Charles Babbage

<person> The british inventor known to some as the "Father of Computing" for his contributions to the basic design of the computer through his Analytical machine. His previous Difference Engine was a special purpose device intended for the production of mathematical tables.

While he did produce prototypes of portions of the Difference Engine, it was left to Georg and Edvard Schuetz to construct the first working devices to the same design which were successful in limited applications.

Babbage was born on December 26, 1791 in Teignmouth, Devonshire UK. He entered Trinity College, Cambridge in 1814 and graduated from Peterhouse.

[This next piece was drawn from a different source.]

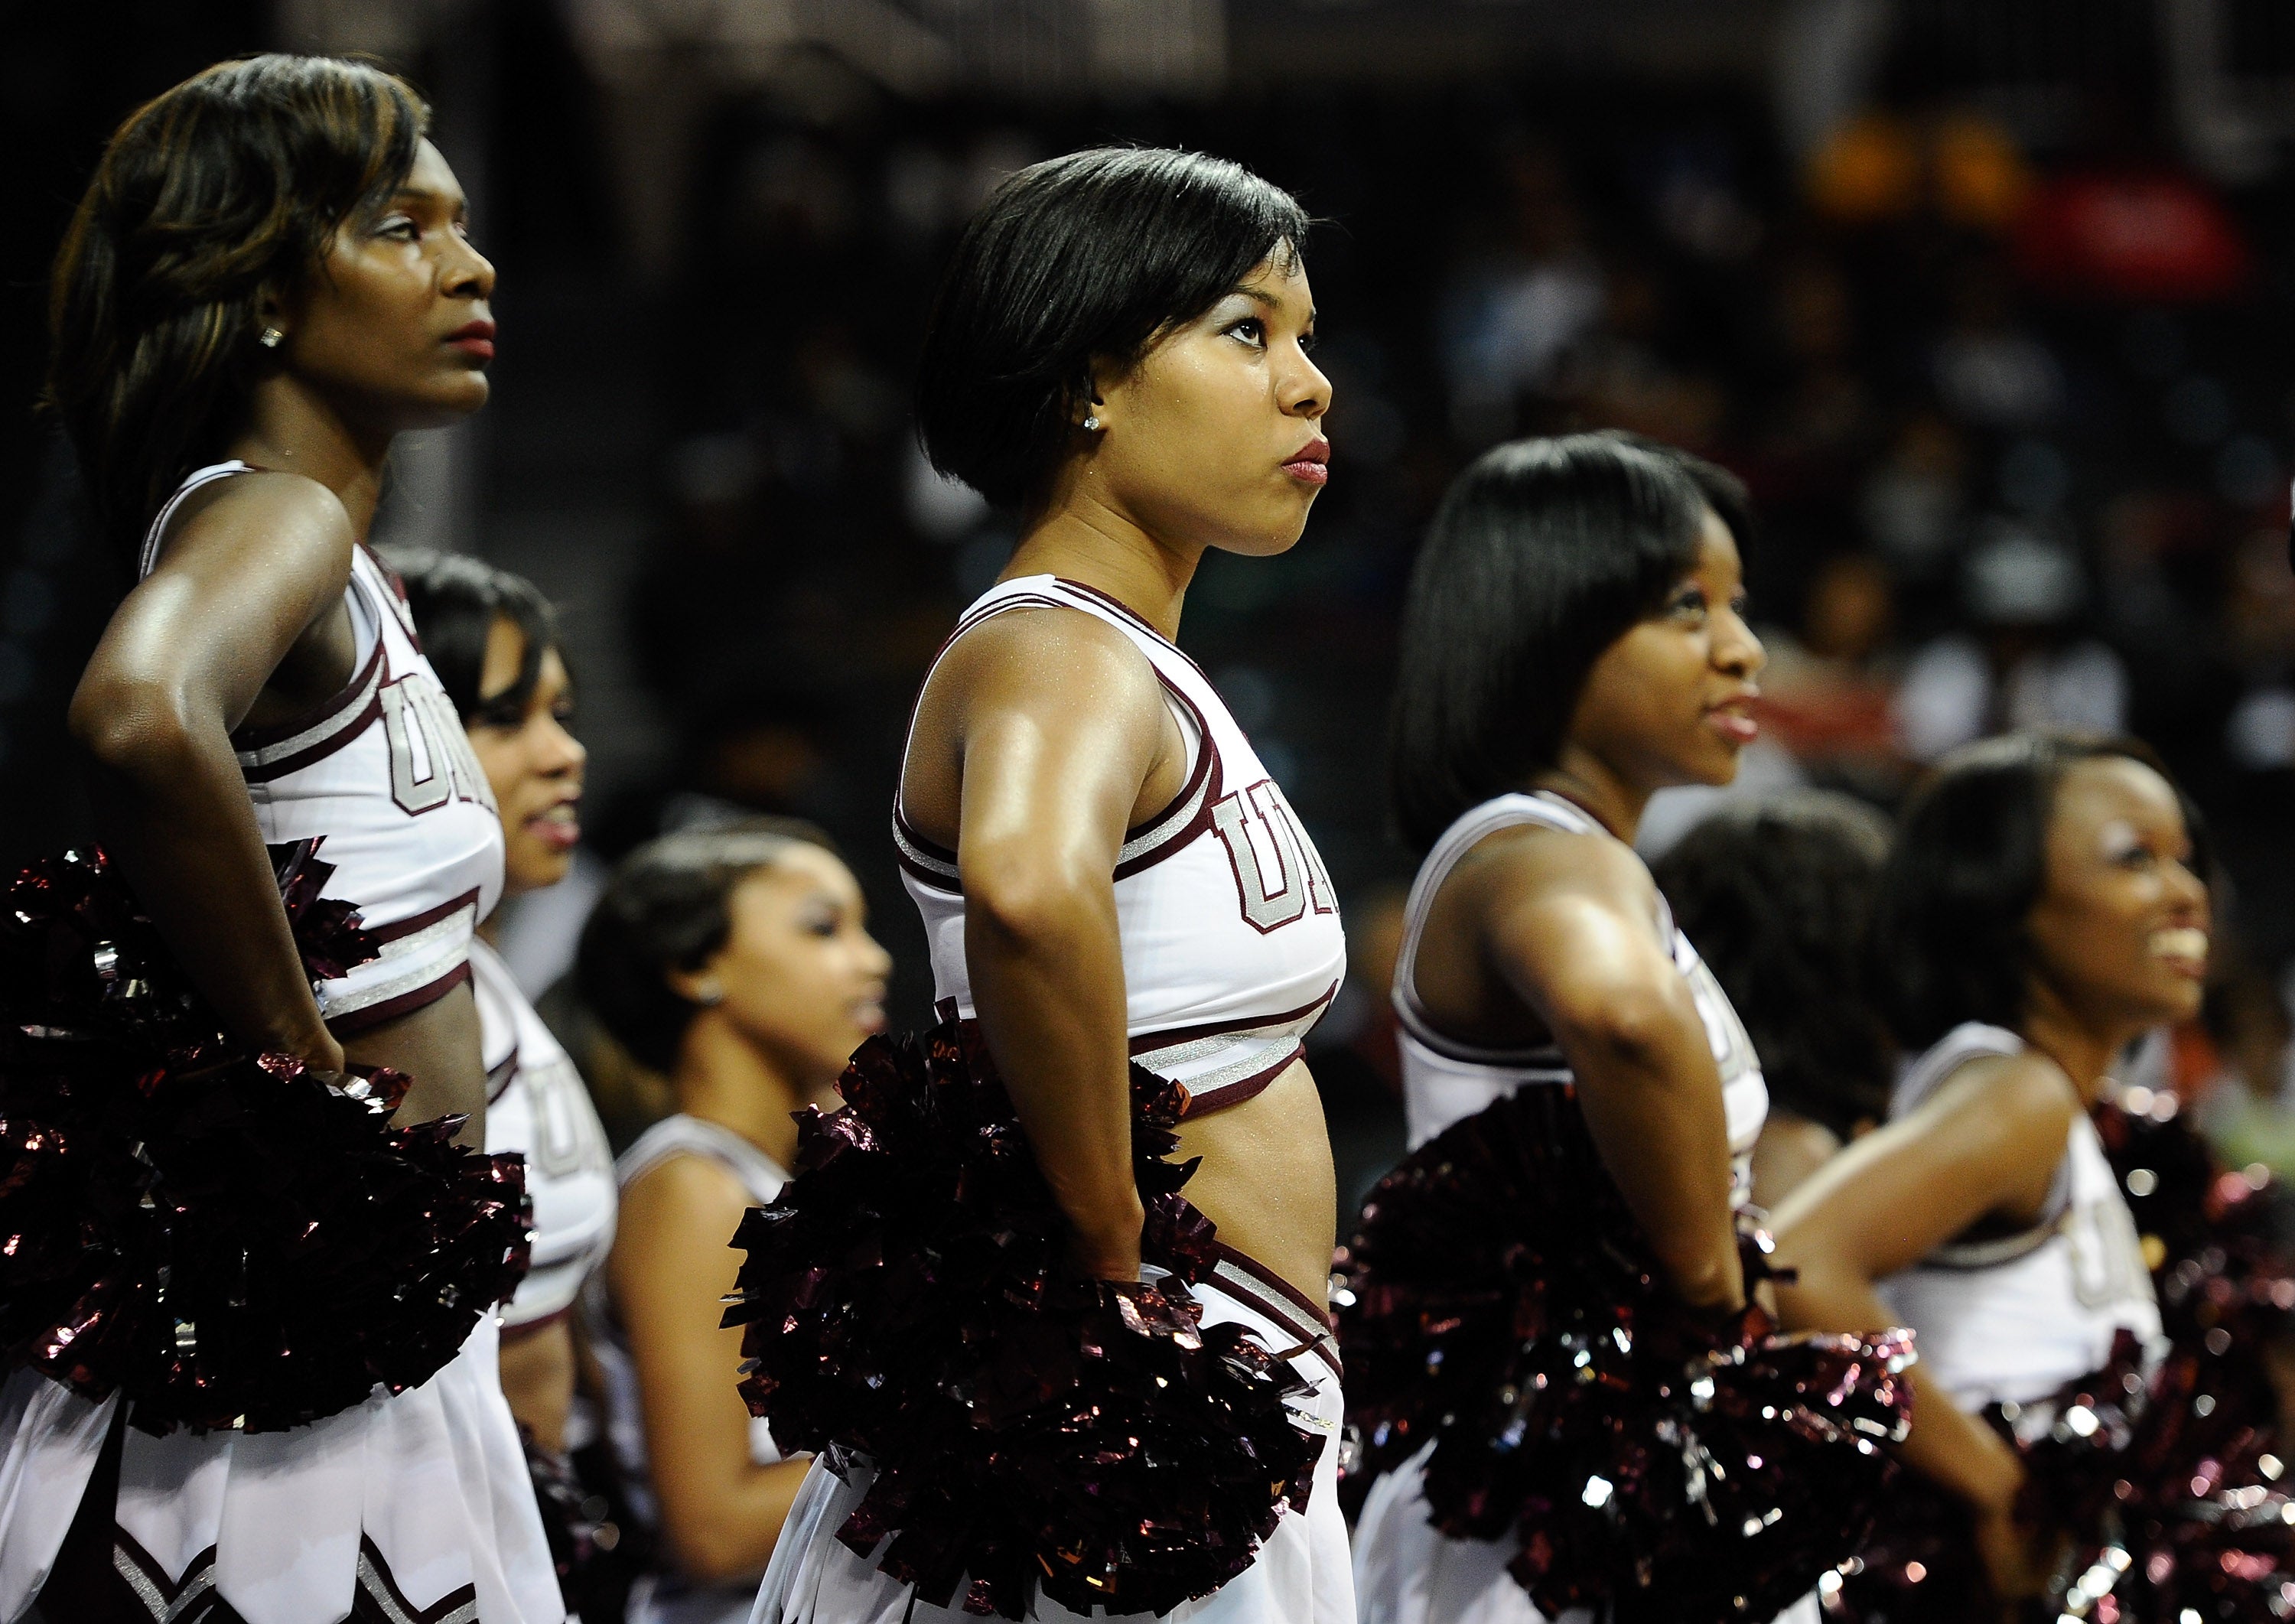 HBCU Homecoming Survival Kit: 17 Things You Can't Do Without

In 1817 he received an MA from Cambridge and in 1823 started work on the Difference Engine through funding from the British Government. In 1827 he published a table of logarithms from 1 to 108000. In 1828 he was appointed to the Lucasian Chair of Mathematics at Cambridge (though he never presented a lecture). In 1831 he founded the British Association for the Advancement of Science and in 1832 he published "Economy of Manufactures and Machinery". In 1833 he began work on the Analytical Engine. In 1834 he founded the Statistical Society of London. He died in 1871 in London.

Babbage also invented the cowcatcher, the dynamometer, standard railroad gauge, uniform postal rates, occulting lights for lighthouses, Greenwich time signals, and the heliograph opthalmoscope. He also had an interest in cyphers and lock-picking.